En outre, il n'est pas exclu que les maîtres de l'ouvrage soient confrontés à des courriers d'entrepreneurs dont ils ne connaissaient même pas l'existence. Peut-on demander à ces maîtres de l'ouvrage qu'ils vérifient si ces sous-traitant étaient effectivement occupés sur le chantier?

Troisièmement, il n'est pas toujours simple de répondre à la question de savoir si un certain contractant d'un entrepreneur doit être considéré comme sous-traitant et par conséquent comme titulaire de l'action directe (en d'autres termes lié par un contrat d'entreprise). La question est de savoir si l'on peut attendre d'un maître de l'ouvrage non initié qu'il fasse cette analyse.

Beaucoup de choses dépendent pourtant de la réponse à ces deux dernières questions. Un paiement à un entrepreneur (principal) au sens strict après une lettre dans laquelle un sous-traitant intente (à juste titre) l'action directe a des conséquences importantes et le maître de l'ouvrage court le risque de devoir payer deux fois. À l'inverse, un paiement au sous-entrepreneur après une telle lettre dans laquelle l'action directe est intentée (à tort) a également des conséquences qui peuvent aller loin.
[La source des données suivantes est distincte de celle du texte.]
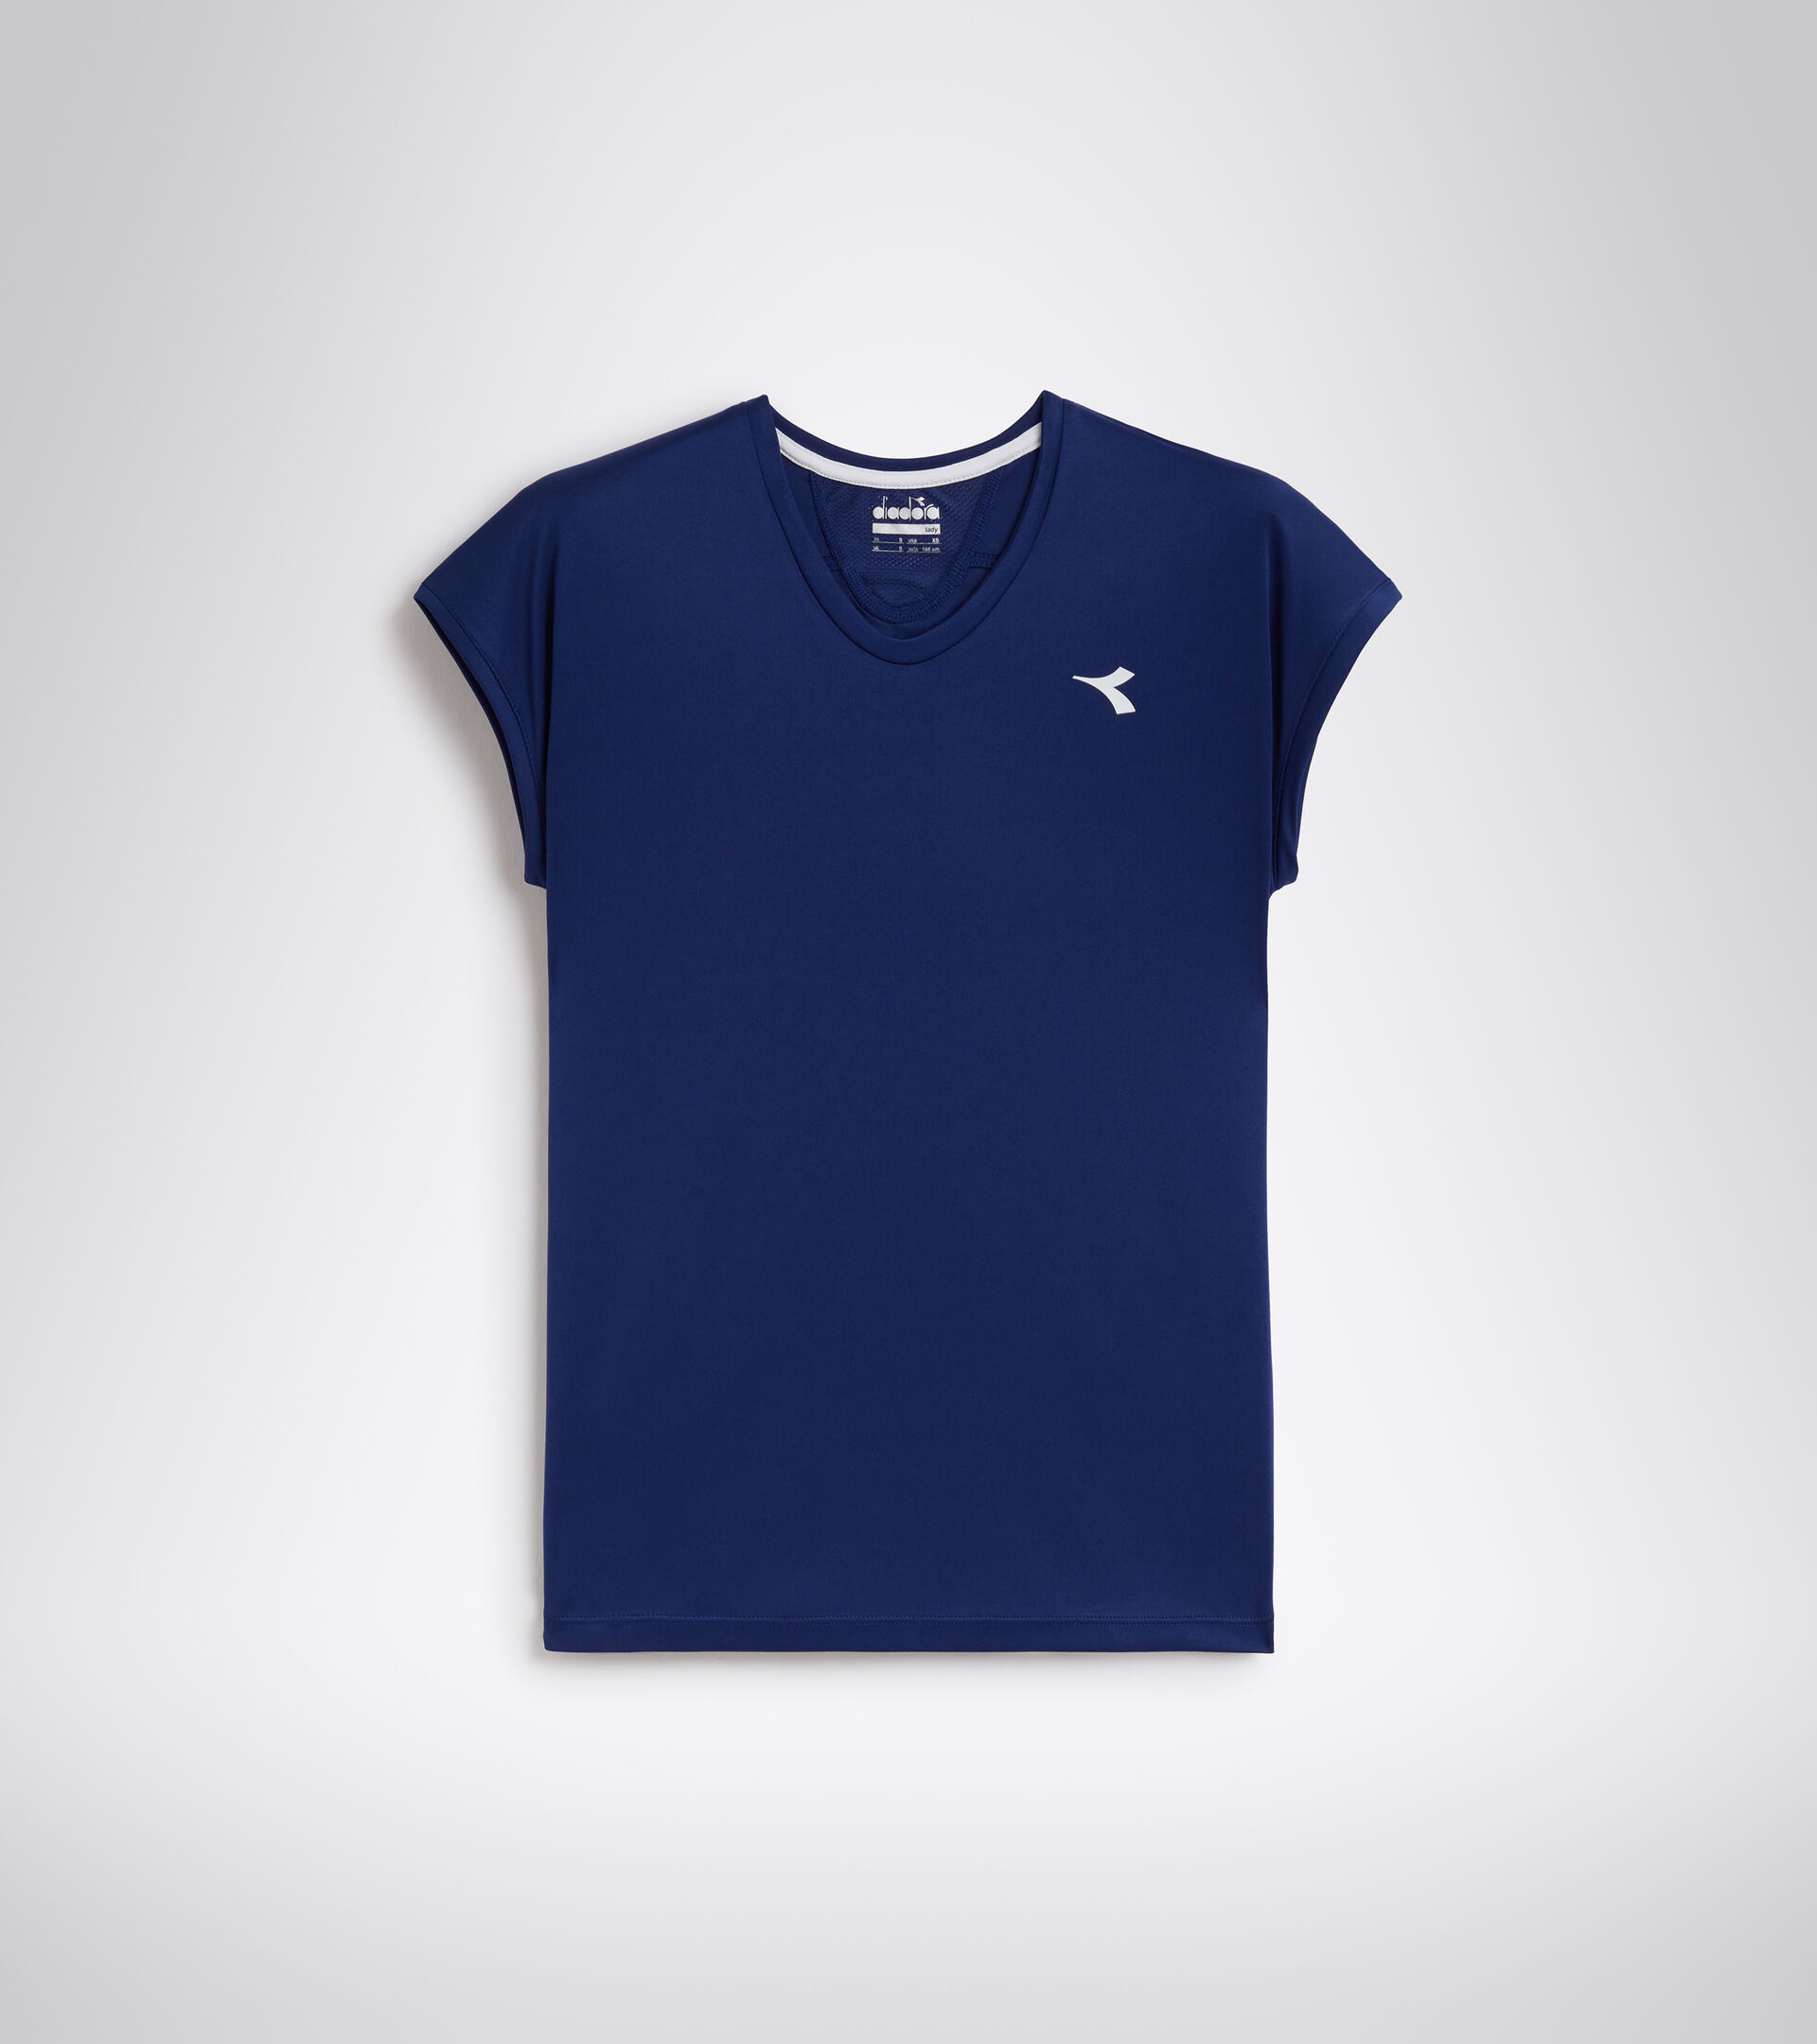 Tennis T-shirt - Women L. T-SHIRT TEAM SALTIRE NAVY - Diadora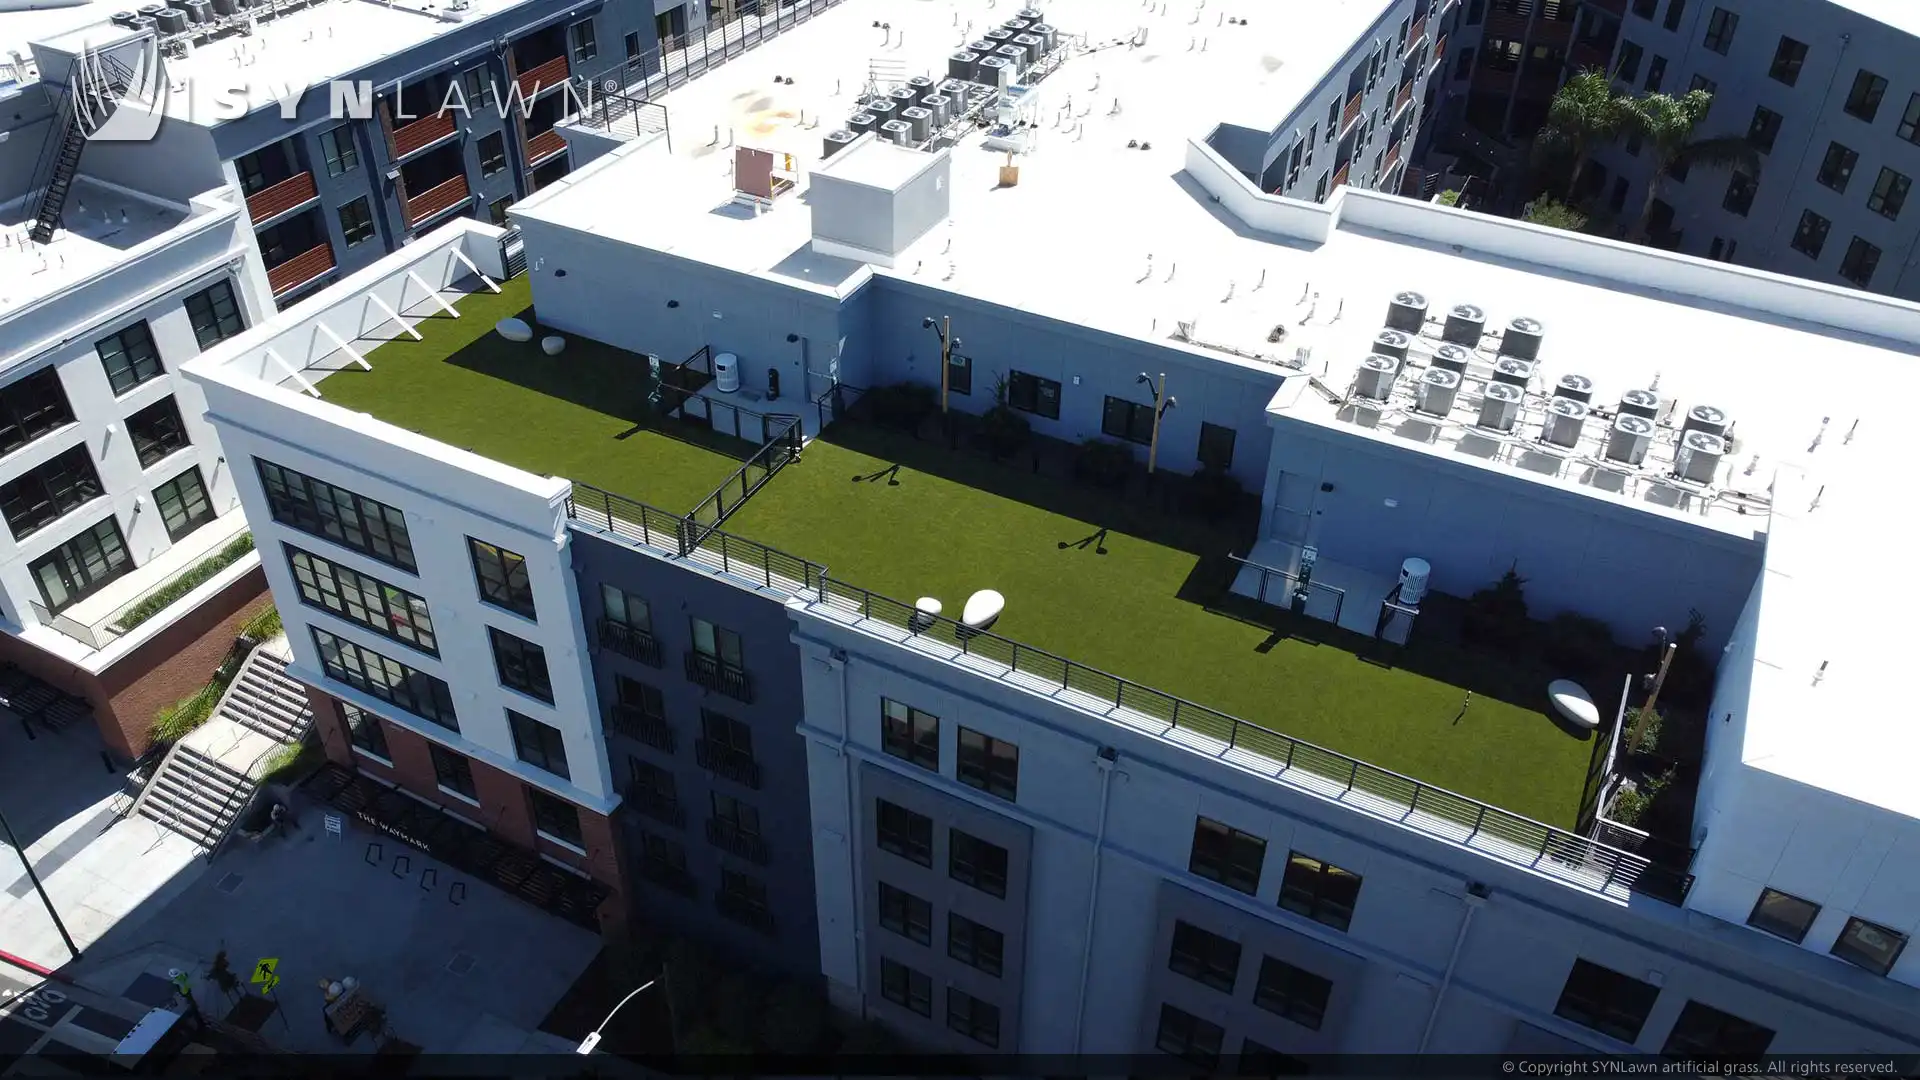 The Waymark 打造屋顶绿洲，为居民提供高档便利设施

[1] Cass. 25 mars 2005, T.B.B.R. 2005, 405.

Voy. aussi A. Cuypers, “De rechtstreekse vordering en het voorrecht van de onderaannemer”, R.W. 1997-98, 797, n° 13; A. Cuypers, “De rechtstreekse vordering en het voorrecht van de onderaannemer”, in Overeenkomstenrecht, PUC Willy Delva, Anvers, Kluwer, 2000, 455, n° 569; F. Georges (note sous Liège 23 mai 1996), J.L.M.B. 1997, 602.